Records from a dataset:
#####

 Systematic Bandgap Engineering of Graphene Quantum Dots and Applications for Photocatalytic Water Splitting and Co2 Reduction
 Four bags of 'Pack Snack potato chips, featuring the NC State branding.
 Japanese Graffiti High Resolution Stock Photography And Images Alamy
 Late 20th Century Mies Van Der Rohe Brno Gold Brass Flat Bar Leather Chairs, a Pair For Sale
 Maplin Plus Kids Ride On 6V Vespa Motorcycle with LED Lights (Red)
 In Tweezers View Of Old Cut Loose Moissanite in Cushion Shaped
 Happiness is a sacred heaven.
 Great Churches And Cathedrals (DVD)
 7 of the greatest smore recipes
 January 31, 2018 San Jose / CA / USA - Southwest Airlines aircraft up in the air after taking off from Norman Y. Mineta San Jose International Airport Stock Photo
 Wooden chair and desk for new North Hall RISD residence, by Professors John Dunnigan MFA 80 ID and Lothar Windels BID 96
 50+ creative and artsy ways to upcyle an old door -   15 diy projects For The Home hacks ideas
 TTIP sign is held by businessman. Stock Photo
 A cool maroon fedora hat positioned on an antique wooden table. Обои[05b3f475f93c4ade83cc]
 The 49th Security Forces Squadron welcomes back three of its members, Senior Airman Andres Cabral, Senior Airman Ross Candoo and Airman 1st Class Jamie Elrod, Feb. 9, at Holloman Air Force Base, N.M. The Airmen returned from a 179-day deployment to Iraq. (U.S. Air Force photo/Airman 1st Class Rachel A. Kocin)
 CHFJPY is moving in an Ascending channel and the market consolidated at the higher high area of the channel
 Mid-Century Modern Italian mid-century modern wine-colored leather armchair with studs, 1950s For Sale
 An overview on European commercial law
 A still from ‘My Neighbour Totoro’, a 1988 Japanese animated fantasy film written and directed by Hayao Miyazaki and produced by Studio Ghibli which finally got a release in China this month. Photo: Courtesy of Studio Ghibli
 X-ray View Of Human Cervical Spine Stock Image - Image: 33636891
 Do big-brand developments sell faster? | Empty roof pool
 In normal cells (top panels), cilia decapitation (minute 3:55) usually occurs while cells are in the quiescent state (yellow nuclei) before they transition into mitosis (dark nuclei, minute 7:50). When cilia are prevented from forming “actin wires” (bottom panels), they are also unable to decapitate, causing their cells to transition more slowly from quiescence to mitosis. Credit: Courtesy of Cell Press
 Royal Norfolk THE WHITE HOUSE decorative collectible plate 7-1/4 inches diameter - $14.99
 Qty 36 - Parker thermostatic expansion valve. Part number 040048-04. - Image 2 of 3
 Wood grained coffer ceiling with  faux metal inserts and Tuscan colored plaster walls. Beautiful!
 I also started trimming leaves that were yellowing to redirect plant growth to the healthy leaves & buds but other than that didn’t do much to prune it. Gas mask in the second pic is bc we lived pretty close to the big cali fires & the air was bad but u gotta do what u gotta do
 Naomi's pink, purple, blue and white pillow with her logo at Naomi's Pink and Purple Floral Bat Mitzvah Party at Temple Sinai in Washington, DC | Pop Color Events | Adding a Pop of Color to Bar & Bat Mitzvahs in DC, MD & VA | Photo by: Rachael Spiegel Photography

#####

__What needs to be done__:
Pick out, from the lines above, every one that contains the string "with".

__Result of this exercise__:
 Maplin Plus Kids Ride On 6V Vespa Motorcycle with LED Lights (Red)
 Mid-Century Modern Italian mid-century modern wine-colored leather armchair with studs, 1950s For Sale
 Wood grained coffer ceiling with  faux metal inserts and Tuscan colored plaster walls. Beautiful!
 Naomi's pink, purple, blue and white pillow with her logo at Naomi's Pink and Purple Floral Bat Mitzvah Party at Temple Sinai in Washington, DC | Pop Color Events | Adding a Pop of Color to Bar & Bat Mitzvahs in DC, MD & VA | Photo by: Rachael Spiegel Photography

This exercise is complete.